Cross-multiplication is a handy technique for solving equations involving fractions. It helps us to eliminate the denominators and work with simpler linear or quadratic equations. Here's how it works: when we have an equation of the form \( \frac{a}{b} = \frac{c}{d} \), we can multiply across the diagonal—hence the term cross-multiplication. This results in the equation \( a \cdot d = b \cdot c \). It is important because it keeps the equation balanced while removing the fractions.
In our problem, we apply this method to \( \frac{x+5}{x+2} = \frac{x-4}{x-10} \).
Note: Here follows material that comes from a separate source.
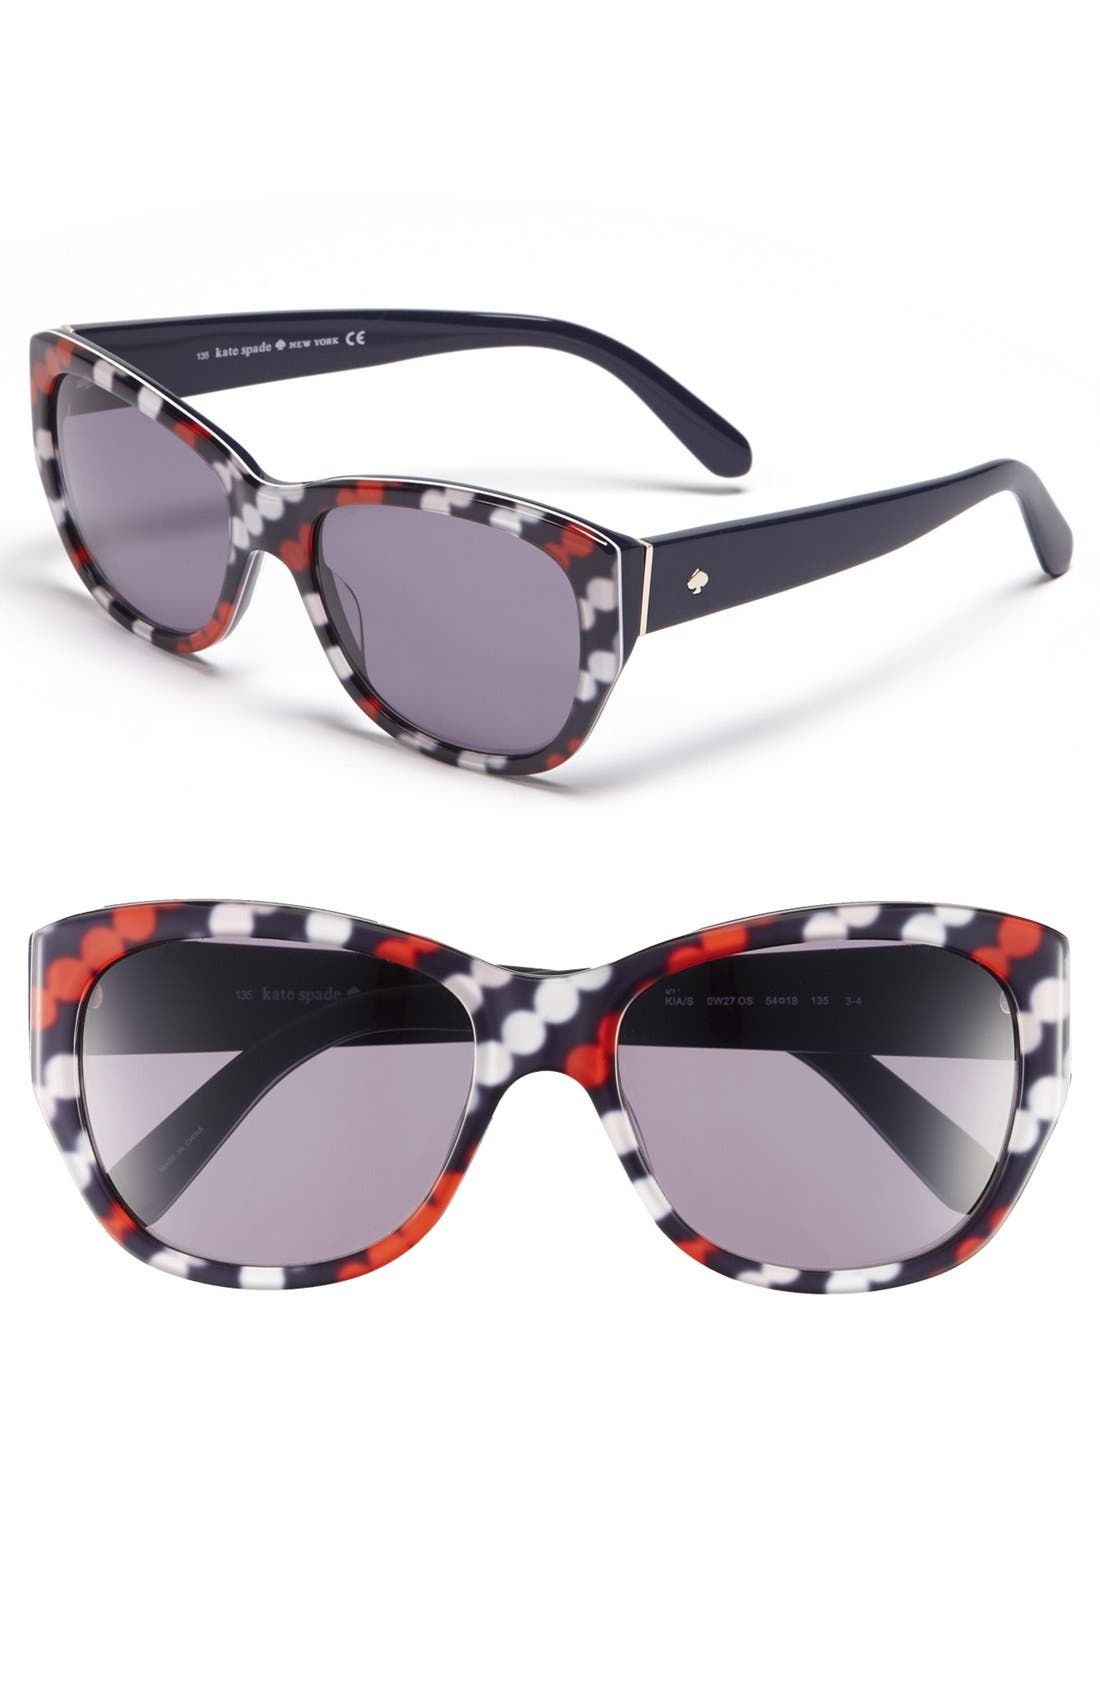 Main Image - kate spade new york 'kia' 54mm cat eye sunglasses

Cross-multiplying gives \((x+5)(x-10) = (x-4)(x+2)\). Now the equation no longer contains fractions, paving the way for further simplification using algebraic rules.

• Ensure equations are set up, so fractions are equal to each other before crossing.
• Do not forget to parenthesize expressions when needed, as in \((x+5)(x-10)\).

The distributive property is a crucial algebraic rule used to expand expressions, especially when multiplying a binomial by another binomial, as seen in our exercise. This property states that for any three numbers, \( a \), \( b \), and \( c \), \( a(b+c) = ab + ac \). When dealing with our cross-multiplied equation \((x+5)(x-10) = (x-4)(x+2)\), we apply the distributive property to both sides to expand them.
Expanding involves:

• Multiplying each term in the first binomial by each term in the second binomial.
• Carefully keeping track of positive and negative signs.

The result of applying this property allows us to write both sides of the equation without parentheses: \(x^2 - 10x + 5x - 50\) becomes \(x^2 - 5x - 50\), and \(x^2 + 2x - 4x - 8\) simplifies to \(x^2 - 2x - 8\). It is essential to handle these steps cleanly to avoid errors further in the solving process.

Once a solution is found, it is essential to check it within the context of the original equation to ensure validity. This step confirms that no mistakes were made during solving, such as arithmetic errors or violations of the original equation's constraints. You substitute the solution back into the original equation and verify that both sides are equal.
In our exercise, substituting \( x = -14 \) back into the original fractions gives us \( \frac{-14 + 5}{-14 + 2} = \frac{3}{4} \) on the left side and \( \frac{-14 - 4}{-14 - 10} = \frac{3}{4} \) on the right side. Since both sides are indeed equal, \( x = -14 \) is a verified solution.

• Use caution to revert back to the original equation, not any manipulated versions.
• Pay special attention to the denominators to ensure no division by zero.

This practice not only confirms correctness but also builds confidence in the steps you've taken to solve algebraic equations.